Bingham Memorial CEO Denies Allegations Of Bad Business
An eastern Idaho business is making big headlines across the Pacific Ocean in Micronesia.
International Consulting Services, LLC, or ICS, was founded in February by Bingham Memorial Hospital CEO Louis Kraml and COO Dan Cochran.
Kraml said they created the company to help a struggling hospital on the island of Saipan. That’s part of the Commonwealth of the Northern Mariana Islands, which is a U.S. Territory.
According to documents, an agreement was signed by Cochran and the CEO of the Saipan hospital on February 24, turning management of the facility over to Cochran and Kraml.
But the Mariana’s Attorney General, Edward Buckingham, said that document was illegal. In a cease-and-desist letter dated April 8, Buckingham said the project wasn’t announced for bid, nor was it certified by his office.
Buckingham said by phone that the agreement would have given Kraml and Cochran’s company a commission above industry standards and a number of fees he felt were inappropriate.
“Two entities that were really watchdogs for the Commonwealth were not involved in the initial process, mainly the Department of Finance and the Office of the Attorney General,” said Buckingham. “Both entities have, I think, critical roles, one looking money and dollars and other looking at the appropriateness and legality.”

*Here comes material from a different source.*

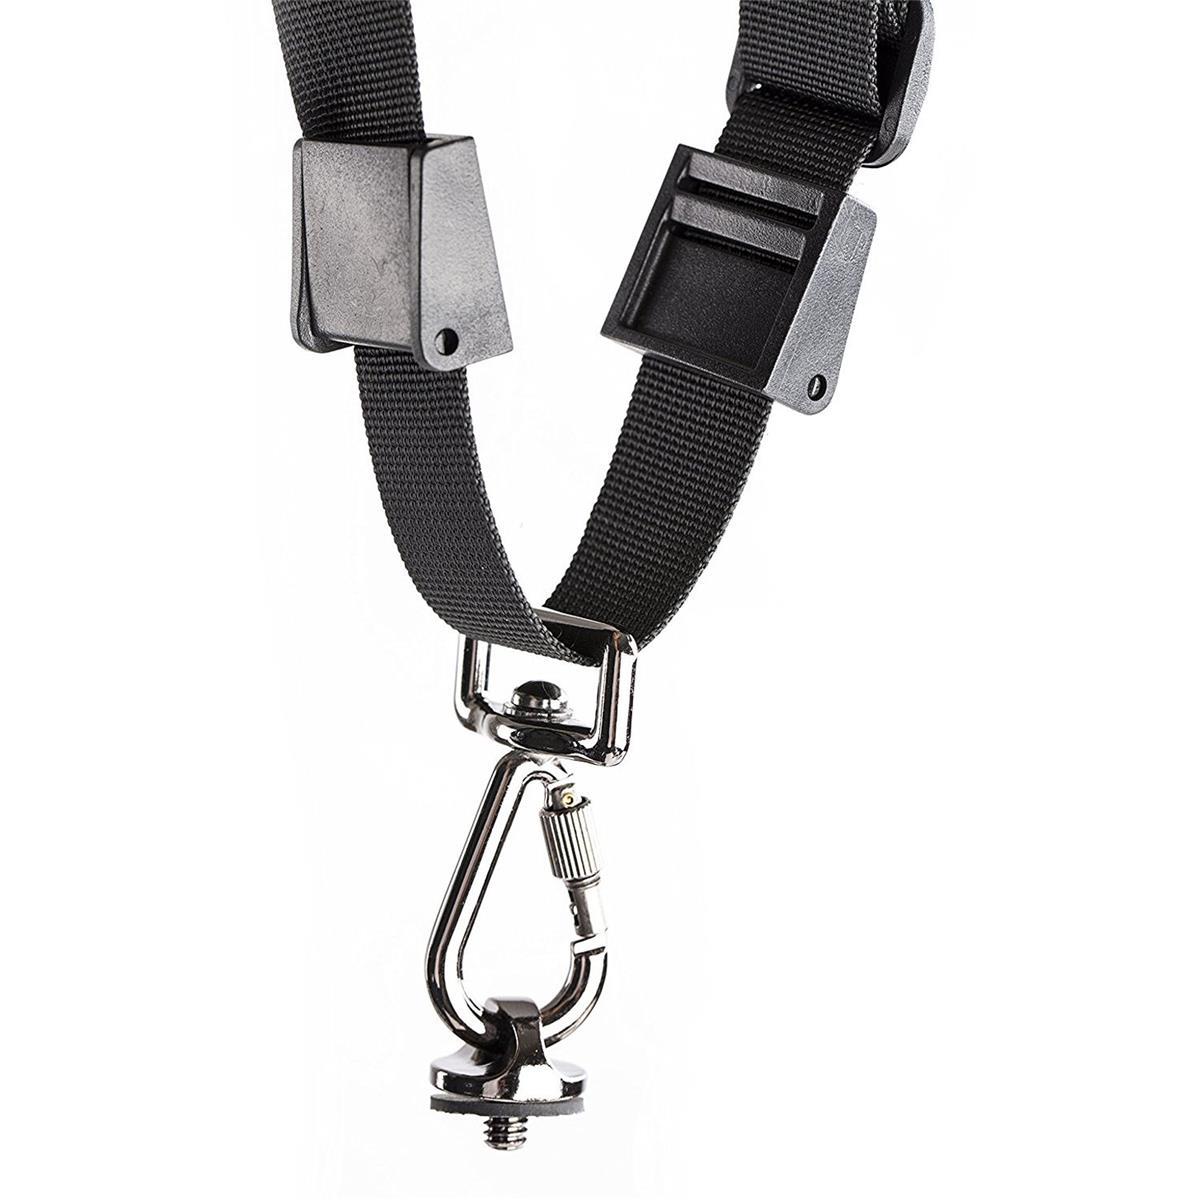 Movo Photo MP-SS4 Rapid Camera Sling Strap for $7.95 Shipped

The controversy has some in Saipan and eastern Idaho raising questions about Kraml and Cochran’s company. Are they working on other businesses while on the Bingham Memorial clock?
In an hour long meeting with media on Tuesday morning, Kraml laughed off allegations that it was a “sweetheart” deal or on Bingham Memorial’s dime. He said his only motive is to help a desperate hospital.
“This has been quite an adventure,” said Kraml.
Kraml said Saipan’s Commonwealth Healthcare Corporation heard about his reputation of successfully turning around struggling rural hospitals, like Bingham Memorial.
“It starts by looking at people, the people that work in a hospital,” said Kraml of his strategy.
After a week in Saipan with Cochran, the two created ICS. Kraml dismissed claims of an outside relationship between Saipan hospital heads and Idaho.
“I have a connection with no one over there, except now I have a connection with the hospital from my heart,” said Kraml.
Kraml and Cochran are ICS’ only two employees; both co-owners through their own separate limited liability companies. Kraml has more than a dozen LLC’s registered to his name in the Idaho Secretary of State online records.
He said JAG Consulting and ICS are for Saipan business, LDK and KConco are existing but inactive, and the rest, he said, are related to Bingham Memorial, which is also registered to him as BMH, Inc.
“This is me moonlighting, okay,” he said. “Which is, I can do that with my contract at the hospital.”
But when that contract earned him more than $700,000 in 2009, according to 990 tax forms, it raises the question: When does the CEO have time to moonlight?
“When I sit back, I’ve probably got an extra two-and-a-half, three hours a day I can contribute,” he said.
Kraml said he took a week of vacation days to make his first and only visit to Saipan. He said ICS doesn’t have an office, but emphatically stated that work is not performed at Bingham Memorial.
“We make sure that’s absolutely separate,” said Kraml. “Someone asked me, ‘Do hospital employees help?’ I said, ‘There’s not even a Bingham paper clip involved in this project.’ There can’t be. That would be wrong.”
Kraml pointed to documents he said were from the Saipan hospital’s board of trustees and director, defending the integrity of his company.
In a letter dated April 27, board members wrote, “ICS has done nothing illegal and in fact were the only people willing to help CHCC when this small hospital was about to close, leaving the 55,000 people of Saipan without critical healthcare.”
Kraml said the adventure didn’t start as a business, rather, as efforts to help out. At the same time, he said, if he and Cochran do great work, they expect to be paid for it.
Kraml said Cochran is in Saipan with his wife right now, working to hammer out the details.
Buckingham said negotiations are on-going. He hopes the two sides will reach a legal contract this week.